A friend brought up this saying to me a few weeks ago, and it’s been rolling around in my head. The truth is, I’m realizing more and more how true it is. Comparing myself to others either leads to feelings of arrogance and pride:
“I’m better than so and so at _______.”
“I would never do __________ like so and so.”
or leads to feelings of envy, self-doubt, and discontent:
“I’ll never be as good at ________ as so and so.”
“I wish I had _______________ like so and so.”
“I’m not good enough at _________________. So and so makes that obvious.”
The problem with both of these lines of thinking is that they just aren’t in line with the Gospel. I’m not loving myself or others as Christ calls me to. There’s nothing wrong with acknowledging the giftings of others or the great things happening in other people’s lives, but making a judgment call about those people or myself leads directly to sin. Similarly, it is wrong to disregard the needs of others or to ignore opportunities to help someone else. If I turn that into thinking I’m better than those people simply because I have ______ and they don’t, I’m headed down an ugly path of sin.

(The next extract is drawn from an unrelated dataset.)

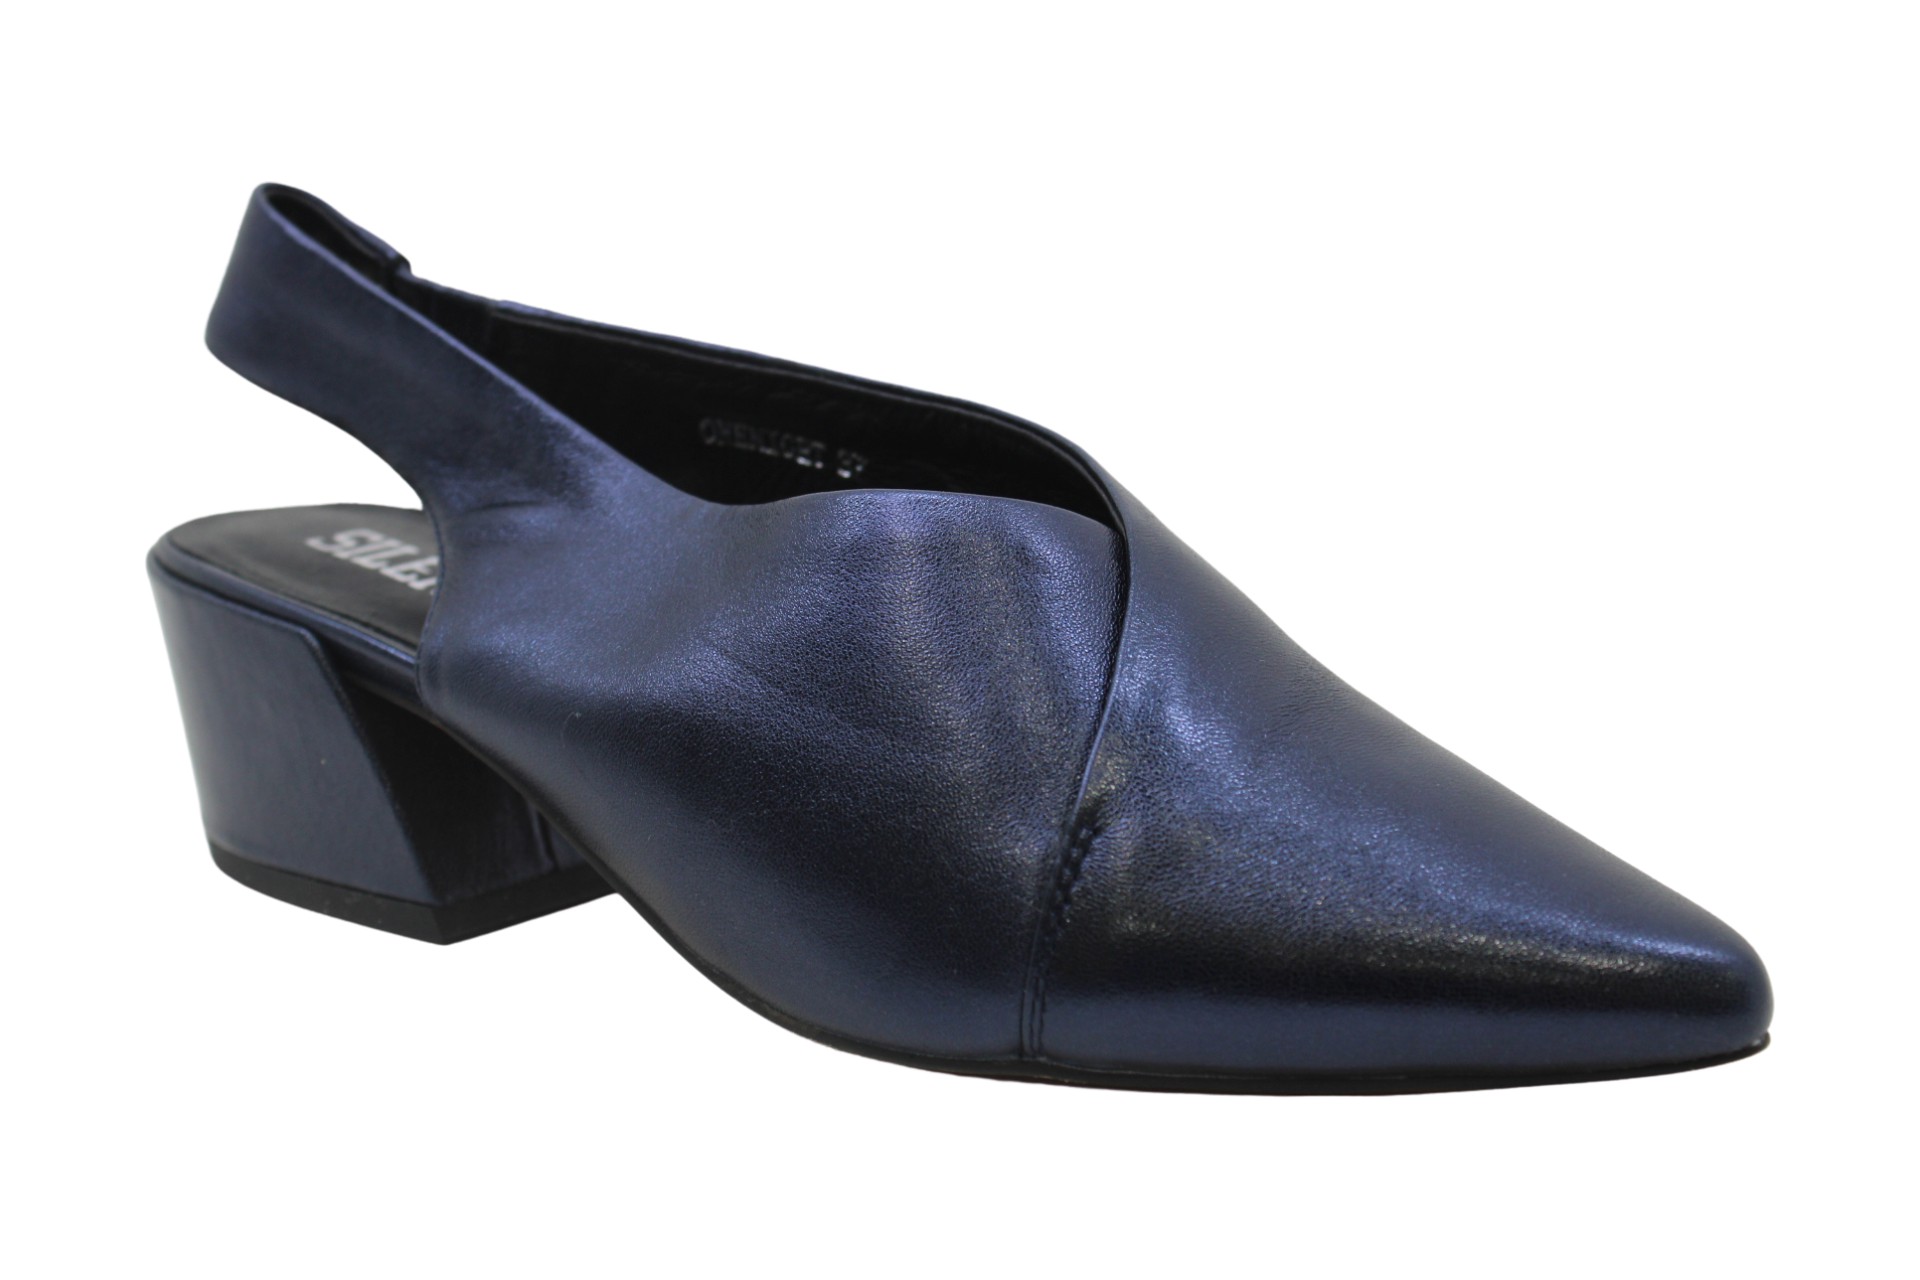 Silent D Women's Shoes One Night Leather Pointed Toe, Navy/metallic ...

All of this to say I’m asking God to help me kill the practice of unhealthy comparisons and to replace comparison with contentedness–true contentedness. Embarking on this journey has made it clear that I make sinful comparisons A LOT. I don’t expect this to be a “quick fix”. In fact, I kind of expect it to be a lifelong thing that I wrestle with to various degrees during different seasons in my life. A lot of society is built around comparisons. It’s difficult to avoid both envy and arrogance. I’m asking God to replace the sinful comparing with a heart more like His–one that acknowledges and treats both myself and others as His creation and that shares and practices the Gospel rather than my own self-serving fleshly thoughts.